Alex, web developer for Chronos Industries, thought she might be going crazy when the company's VPN server kept disappearing. Alex's VPN software would connect to the server without issue, but every half hour or so it would disconnect. It made FTP-ing any large files an exercise in frustration.

Her friend Karl, a research assistant from the upstairs Temporal Lab, was trying to tell her in layman's terms about one of his projects when it happened again. Until now she hadn't had any witnesses to confirm it when the IT department investigated.

"See, there it is!" she said.

"Whoa, that is weird," Karl said. "And you're the only one who notices it?"

"No one else uses it on a regular basis. I've mentioned it to IT, but they brush it off when they can't recreate the issue. They're 'too busy' to sit around long enough for it to happen."

"I'm just a research assistant," Karl said, "but couldn't we troubleshoot this ourselves?"

Alex glanced at her phone. "It'll happen in an hour. Let's give it a try."

Timey-Wimey

She started a timer on her phone, then reconnected and opened a remote session to the VPN server. Alex wrote a script to check the VPN daemon's health every few minutes. While that was running, she dug through the server's CRON scripts for anything that might cause trouble. However, apart from a couple sketchy screen scrapers to get the weather for Chronos's intranet page, there was nothing odd.

"So much for that," Alex sighed in desperation.

"Wait, look at those timestamps," Karl said, pointing to Alex's bash commands.

Alex glanced at where he was pointing. To be sure it wasn't some weird quirk with her terminal, she ran the date command several times in succession.

"What's wrong with that server's clock?" Alex said. "That can't be a software issue."

As she spoke, her VPN software lost the server and disconnected.

Alex grabbed a screenshot and forward it to IT.

One Broken Time Machine, Slightly Used

She received a cryptic email an hour later from Doug, the head of IT: The server's motherboard appears to have a failed clock. We'll order a new chassis. In the meantime, another server will be re-appropriated for the VPN.

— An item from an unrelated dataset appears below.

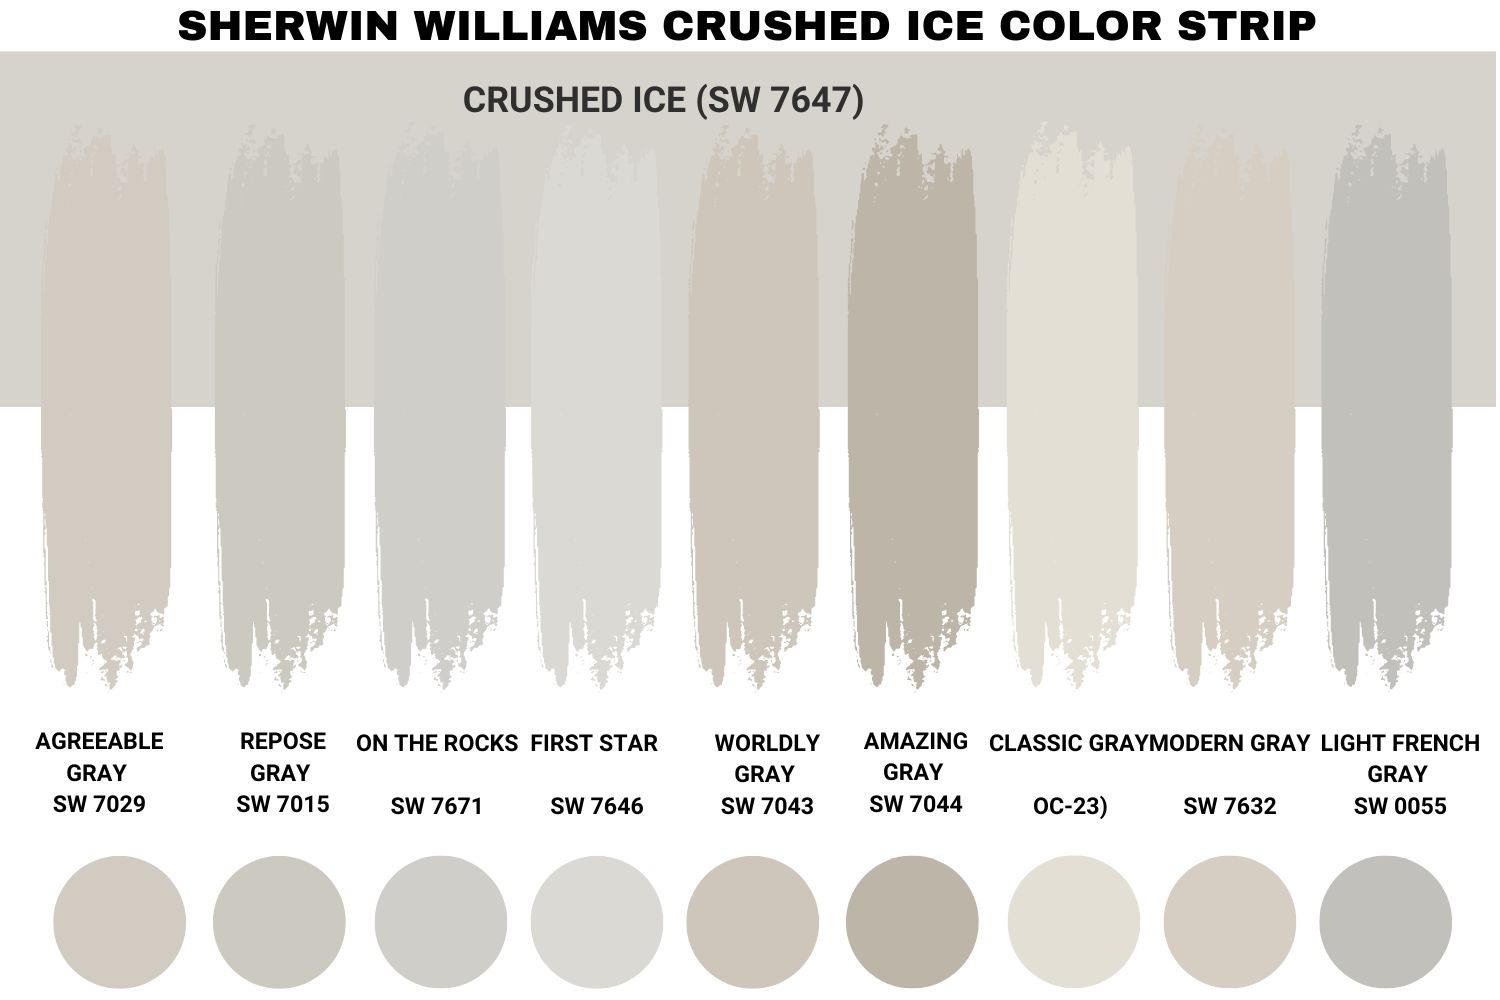 Sherwin Williams Crushed Ice Color Strip Sherwin Williams Crushed Ice Color Comparisons

A week later, Karl and Alex were chatting at her desk while her computer uploaded some large video files documenting Chronos's latest, inscrutable venture.

"You still didn't tell me about your new project upstairs," Alex asked.

"Oh, I totally forgot," Karl said, "it's something to do with--"

"--I'll be damned," Alex interrupted. She noticed something funny with the timestamps on her FTP console. "IT ... they just reused the VPN server for FTP!"

"Huh." Karl scratched his head. "Well, my project went way over budget this month. Maybe even IT has to cut corners."

"What's costing Chronos so much they can't even afford a new server that can keep time?"

"...You know, maybe it's best if you didn't know." Cryptically, Karl left Alex at her desk. She could only wonder just what really goes on upstairs in the Temporal Lab.